A quienes tanto denuestan la amnistía como algo contrario a los principios básicos del estado de derecho les vendría bien revisar nuestra historia, así como el derecho comparado en países de larga tradición democrática. Estoy convencido de que esos mismos no están en contra del instrumento jurídico en términos generales sino solo en que se aplique a los reos del procés. Ahora bien –siempre suponiendo que tenga encaje en el marco constitucional, lo que no está nada claro–, si el Parlamento entendiera que una amnistía contribuye a favorecer la paz social en Cataluña, estaríamos justamente ante el supuesto clásico (en España y fuera de ella) en que la Ley se justificaría. En el fondo, las invocaciones a principios democráticos o las disquisiciones jurídicas no son más que envoltorios para dignificar los prejuicios emocionales de cada uno. El debate se resume en dos posiciones irreductibles a los argumentos: quienes quieren castigar a los independentistas y están en contra de cualquier medida que minimice sus atroces crímenes y, en el otro lado, quienes consideran que esos señores no hicieron sino lo que debían que fue declarar la voluntad libre del pueblo de Cataluña en ejercicio del sagrado derecho de autodeterminación.

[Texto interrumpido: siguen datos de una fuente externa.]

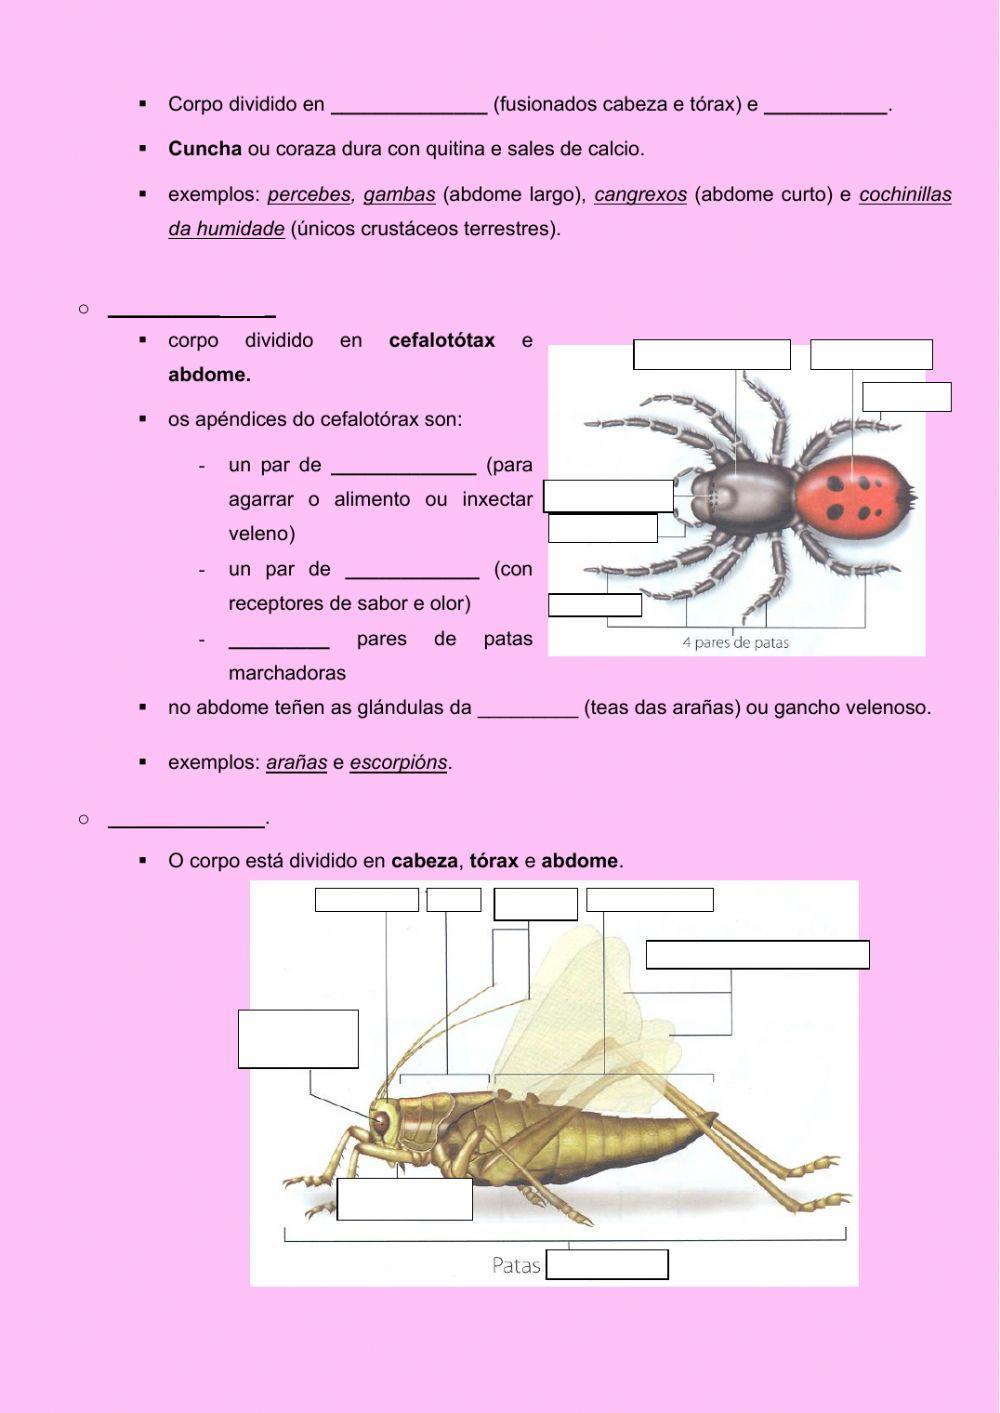 Invertebrados: artrópodos e equinodermos

Parece que la posición muy predominante es la de quienes se oponen (a lo mejor me equivoco, confundido por el mayor griterío de éstos). Quizás tengan razón y no es buena estrategia para resolver el conflicto catalán amnistiar a los del procés; hay incluso quienes señalan que ese conflicto ya es casi irrelevante. No lo sé, pero me ha recordado un pasaje de la última novela de David Trueba (Mis queridos niños) que acabo de leer. En ella, la candidata a presidenta del Gobierno español por el partido conservador (trasunto del PP) hace su campaña electoral por todo el país. Cuando llega a Cataluña, lo que quieren (y logran) sus estrategas es que los independentistas les monten una manifestación para reventarles sus actos electorales. El motivo maquiavélico es simple: el rechazo de aquéllos les da votos en el resto de España. Es más que probable que mantener entre el mayor número de españoles el afán de castigo contra los del procés sea una de las bases más fecundas de votos para ciertos partidos.

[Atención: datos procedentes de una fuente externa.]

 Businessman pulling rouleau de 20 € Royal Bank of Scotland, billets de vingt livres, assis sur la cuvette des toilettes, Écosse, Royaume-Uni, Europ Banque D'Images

Naturalmente, no entro en este post en la constitucionalidad de una eventual Ley de Amnistía. Tampoco en si las motivaciones de Sánchez solo obedecen a mantenerse en La Moncloa porque le importa un ápice España. Lo único que he querido señalar es que las leyes de amnistía son un instrumento del que se han dotado las sociedades civilizadas (y democráticas) para resolver conflictos sociales de origen político. Y a mí no me parece mal que existan. Aplicar este instrumento a los reos del procés podrá ser o no una decisión acertada que, en todo caso, corresponderá adoptar al Congreso de la Nación, precisamente donde radica la soberanía popular (salvo, claro está, que sea inconstitucional, pero eso lo ha de decir el TC). Que un Estado (poder legislativo) decida “olvidar” a quienes han intentado atacarlo no muestra, a mi juicio, su debilidad sino todo lo contrario.